You can always tell when you’ve entered Wes Anderson’s world. The director of The Royal Tenenbaums, Rushmore, and The Fantastic Mr. Fox has an identifiable style, to put it mildly.
Perhaps it’s something about the perfectly crafted shots, with sets, framing, costumes, and positioning all choreographed in meticulous detail. Perhaps it’s the sherbet colors. Or maybe it’s something about the stoic and dour expressions on everyone’s faces.
In any case, Moonrise Kingdom, opening today, is very Wes Anderson-y, if that’s a word.
It’s a whimsical, wryly humorous romp through 1960s adolescence, with as much of the heart coming from the world Anderson creates as from his story.
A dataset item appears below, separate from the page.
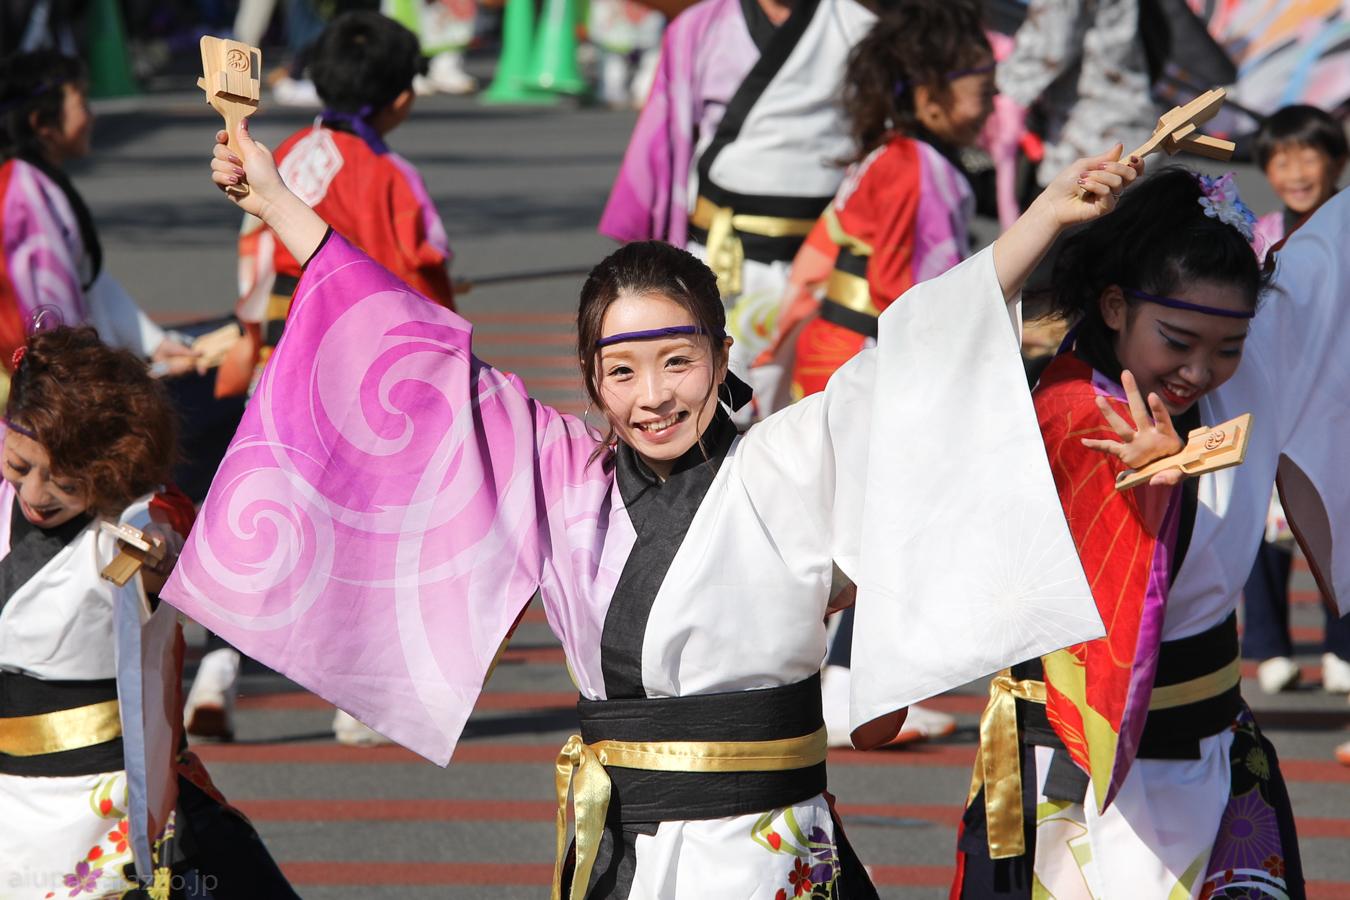 kabuki2016ran_oyachai-29.jpg

The film opens as the camera stares through the many rooms of a cozy house enduring the rain on a wooded island in New England. The camera stares through all the rooms as a girl would look into her carefully crafted dollhouse, the front opened up to observe the inhabitants. Three little boys, a mother and a father are all passing away a rainy day in mundane activity. And Suzy (Kara Hayward), only 12 and wearing dayglow blue eyeshadow, is listening to music.
Meanwhile, across the lightly inhabited island, the Khaki Scouts are waking up for their morning drills in their almost entirely outdoor camp. The Khaki Scouts are either a send-up of or an homage to the Boy Scouts. With Wes Anderson, it’s hard to tell and may well be both. Boys who spend their summer at camp, learning outdoor skills, they live in a fantasy world of building tree forts and doing rifle practice, all under the quasi-military eye of Scoutmaster Ward (Edward Norton).
But one is missing. Sam (Jared Gilman) has left camp. Not so much escaped as graciously resigned from the Scouts, Sam has an appointment to keep with Suzy.
When Suzy turns up missing as well, the entire Khaki Scout troop joins with the police officer (Bruce Willis) and Suzy’s parents (Frances McDormand and Bill Murray) to find them before a huge storm hits the island.
That’s the setup, but the devil, or in this case, the angel, is in the details.
And details are what Anderson knows. They create a hilarious and warm universe in which these characters come to life.
So when Suzy runs away, she lugs a suitcase full of her favorite girlhood fantasy literature and her brother’s portable record player. (For those of you who don’t know, records are how we used to listen to MP3s before iPods, only we called them “LPs” or “singles.”)
Sam bustles with self-important but largely untested wilderness skills, smokes a pipe, and never takes off his coonskin cap.
The two twelve year olds talk at each other rather than to each other, as twelve year olds are wont to do.
But they – and this is the twist that makes the movie slightly uncomfortable and challenging – feel that they, at twelve, have found the love of their lives, someone who understands and accepts the darker side of them, the rages and bad behavior that they don’t understand themselves. Their parents and Scout masters surely don’t.
They aren’t running away for sex, although there is a little tentative exploratory petting that goes on. They run away in the ultimate fantasy of the perfect escape, the perfect refuge from the world.
Of course, the larger world, in the form of a deadly approaching storm, can’t let them go all that easily.
The nice thing about the film and Anderson’s perspective, is there is no real bad guy. Although the various adults that hunt the wayward children are, in a sense, the enemy, their hearts are good and their motives pure. Even scoldings are born of love.
Make no mistake, the adults are as mixed up as the kids. The fantastic supporting cast is much more than just supporting. Willis, as a lonely cop, Murray as a lonely husband, and McDormand as a confused housewife all shine. And Edward Norton as the Scout master gives an earnest oddball performance.
In fact, they’re all pleasingly oddball, which makes the film’s almost sappy ending work.
Underneath all the careening Scouts and over the top strutting, the film is about flawed and lonely people finding and fighting for love, both kids and adults, and finding shelter from storms in each other.
Apparently, that works among quirky eccentrics as well as the rest of us.
Moonrise Kingdom is rated PG-13 for sexual content and smoking.